Or is it speculative fiction that does well at the box office. Remember, a lot of people think that the biggest SciFi film of the summer is going to be Harry Potter, while I suspect that most of the folks who are criticizing the name change to Syfy are the type of folks who don't consider Harry Potter SciFi for this purpose.
I'm sure that's true... especially depending upon the specific interest. But some genres you have to wonder. SciFi seems to usually do well at the box office
Again, that's what this issue comes down to: Ghost Hunters, Scare Tactics and Unexplained all fit within the broader definition, just like Harry Potter does, but none of them are truly science fiction, and folks who are interested in such programming many not initially think that they'll find programming they'll enjoy at "The Science Fiction Channel".
Beyond those, Caprica may or may not have some space fiction elements, but if the pilot is any indication, its going to be a character drama, mostly, and they're going to want folks watching Caprica who would never pick up Larry Niven or Poul Anderson.
I'll speculate, myself, here, a bit. I think the hardcore science fiction fans have done the genre a disservice by, during the first 30-40 years of the genre's ascendancy, driving the genre towards what I would consider esoterica. In a way, they insisted on the genre being too real. I feel that the greatest benefits the genre can offer are those that capitalize on the genre's ability to provide escape for people. I think that the hardcore movement basically despoiled the term science fiction. I think that a blatant attempt to make it clear that "this isn't that tedious type of science fiction" can only benefit Syfy. It will help make room for the type of genre fiction that started breaking through in the mid-1980s, with far less, if any, focus on the "science" and far more focus on the "fiction".
Folks may like some parts of the genre and not like others, but they won't admit that that the basis of their criticism is their own personal preferences, since that's so easily pigeon-holed and thereby discounted. I think a lot of the criticisms, therefore, are simply attempts to recast these personal animosities as criticisms that sound more important than they really are.
You mean like Heroes? Again, I wish I could hook the main critics of the Syfy name change up to a polygraph machine and ask them if they think Heroes is what they like best about science fiction. However, even that doesn't matter: The question is more a matter of what Average Joe America will do, since there are more Average Joes than there are science fiction fans.

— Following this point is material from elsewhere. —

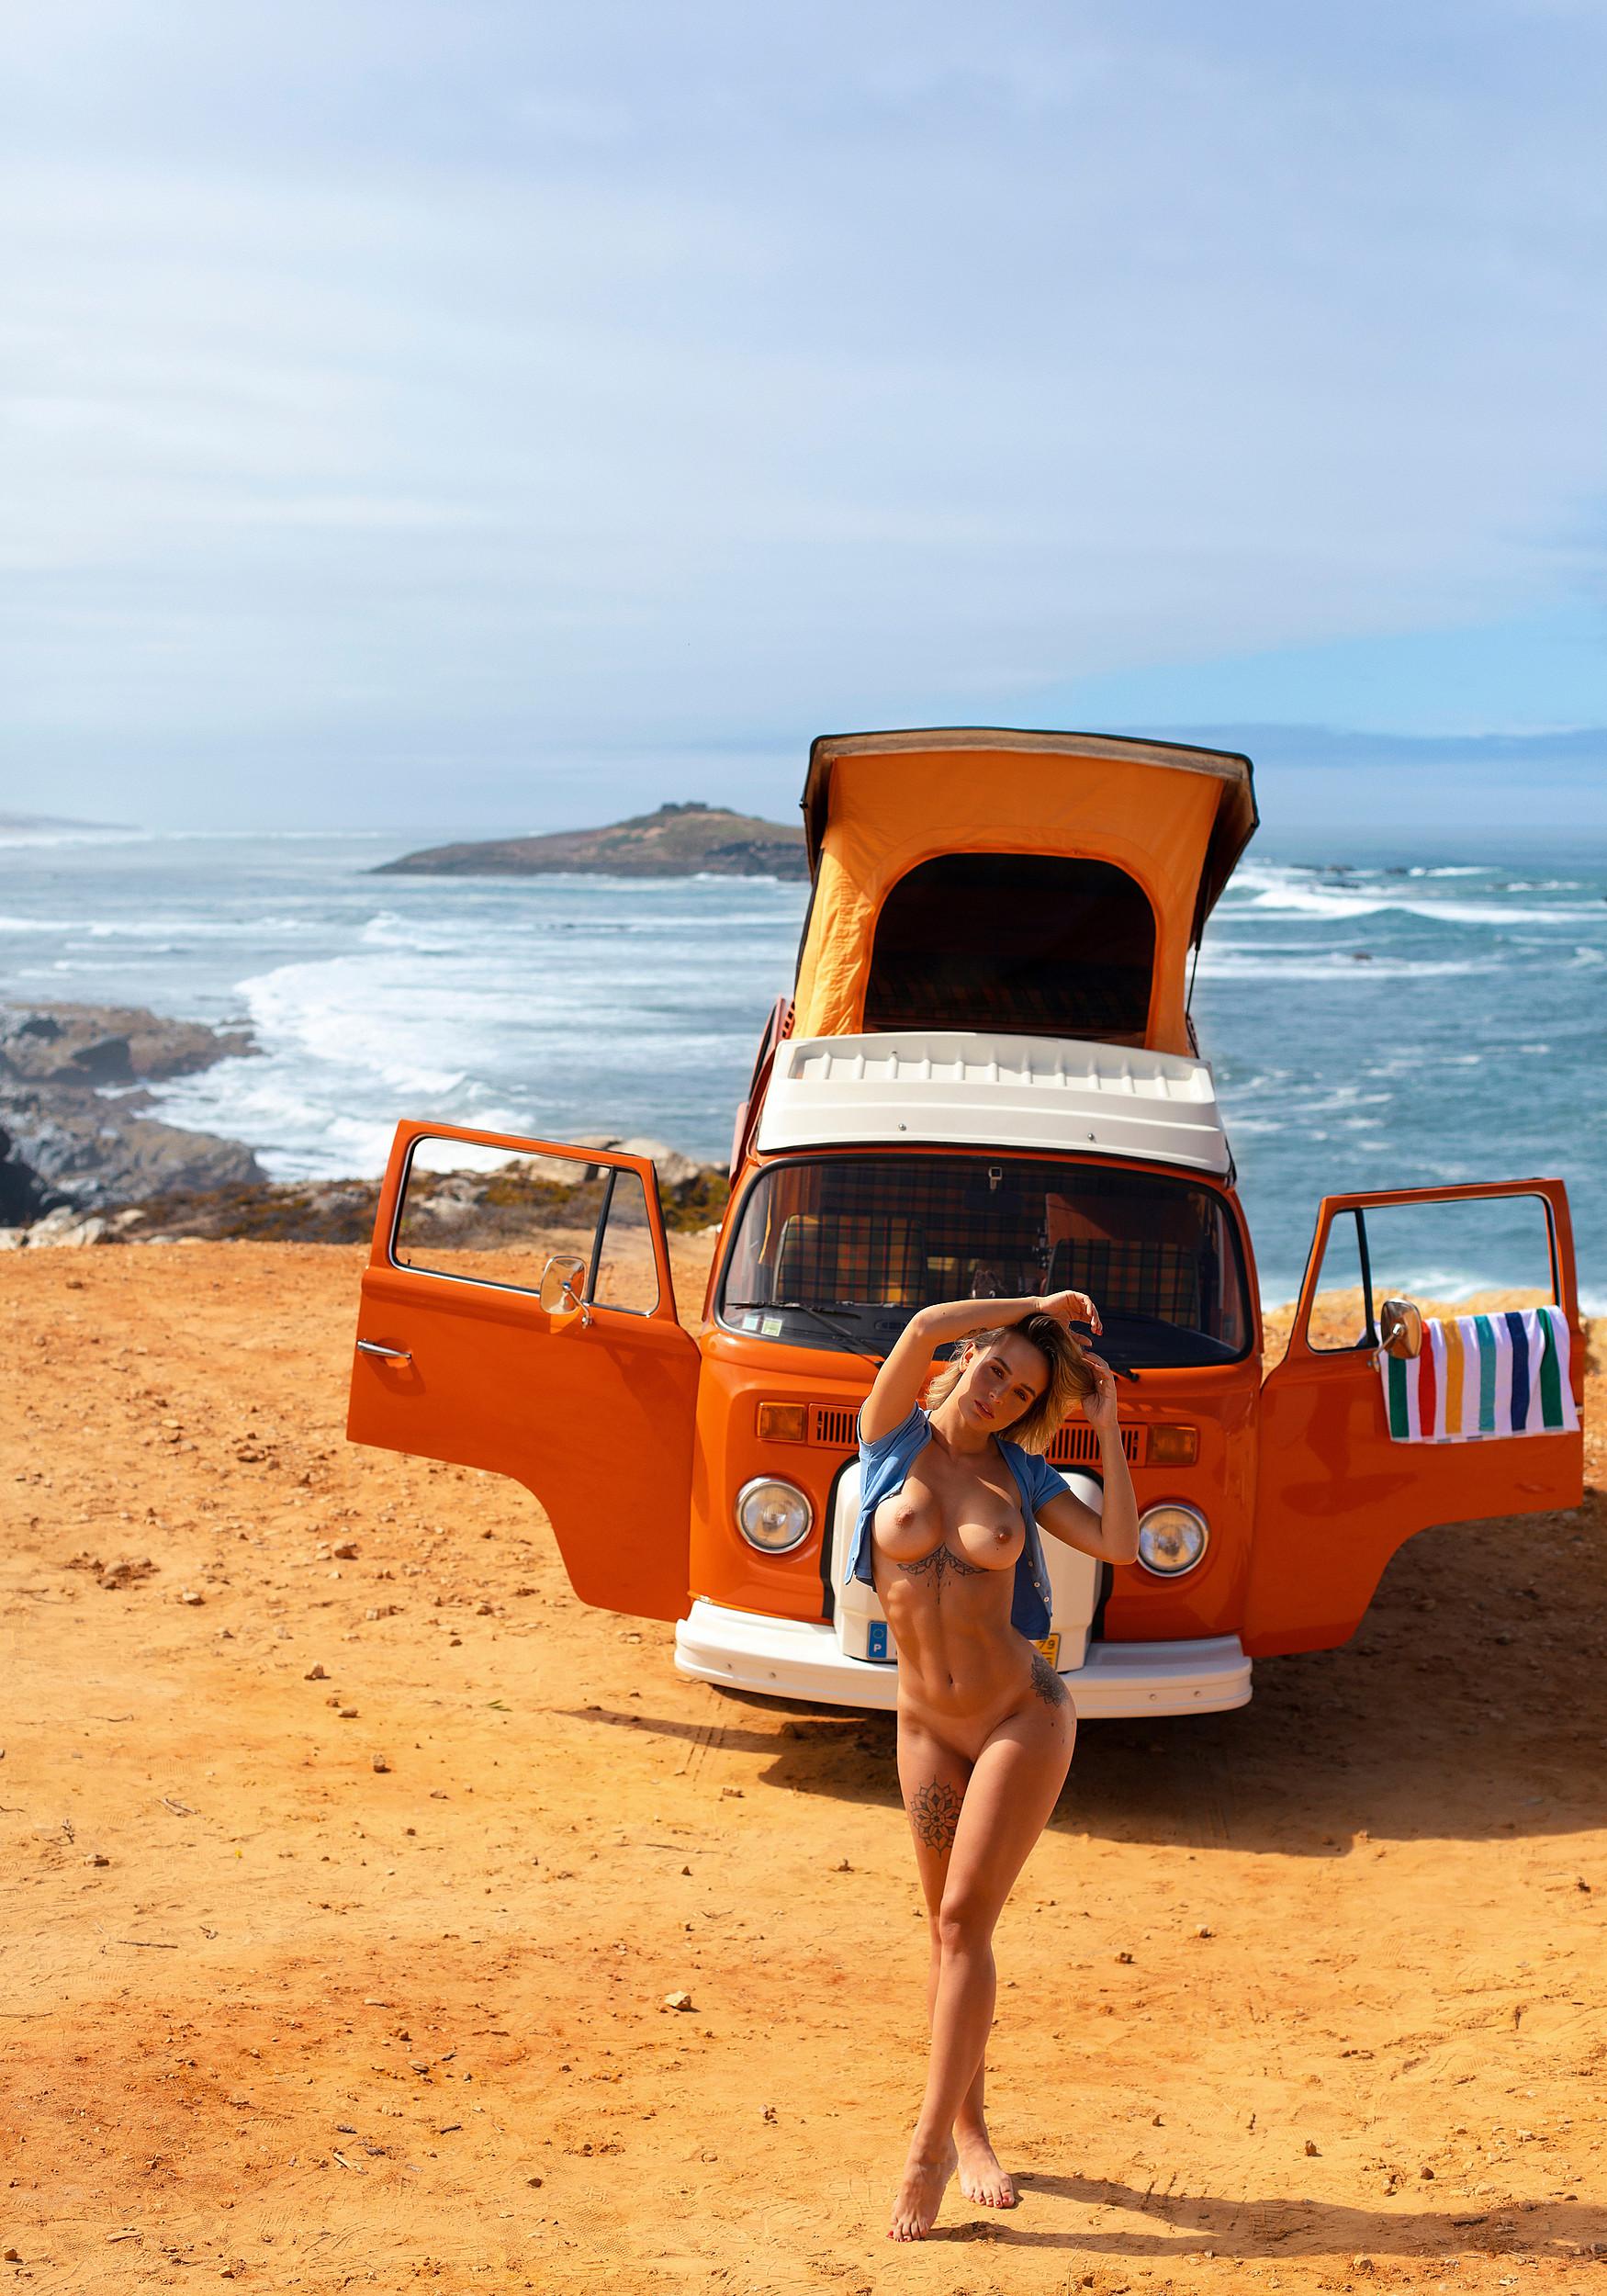 julia-rommelt-naked-tattoos-camper-seaside-december-2020-germany-playboy-24

and there are more than a few SciFi regular series running it seems these days...
And even if the name change doesn't actually help drive that many more people to the channel, it will absolutely be at least a wash (some extremists will bolt; while some folks with some animosity towards science fiction will feel more welcome and will replace the extremists). And then, the only justification needed for the name change is that they can capitalize on the word as a trade-mark. Denying the value of this shows a lack of understanding of the business side of things. Folks are welcome to assert that they don't care about the business side of things, but that are not right in stating that the business shouldn't care about the business side of things.
Actually, we very well may. As people engage in more and more commercial avoidance (and piracy, for that matter), the value of viewership, itself, plummets. How do you make up for that lost revenue stream? Perhaps the answer is pay television. Why are cable channels, like USA and TNT, going so well in recent years? It is a combination of how much better original programming is being presented by these channels. This fall, the CW is giving the five hours of its Sunday schedule back to their affiliates, and NBC is giving five hours of prime time to Jay Leno. Do you really think that that's going to be the end of that trend? Gosh, if you do, I admire your optimism! Instead, I see a path towards more and more non-scripted programming on television that is solely supported by commercial advertising. Meanwhile, television that is supported by both commercial advertising and by subscription fees, like TNT and USA, hold the promise of eventually providing a stronger financial footing for scripted programming. It could happen. And if it does, we'll need at least four, but preferable five or six channels, just like TNT and USA.
So at some point we end up with 20 USA/TNT type channels... and I don't think we need that many duplicating the same content.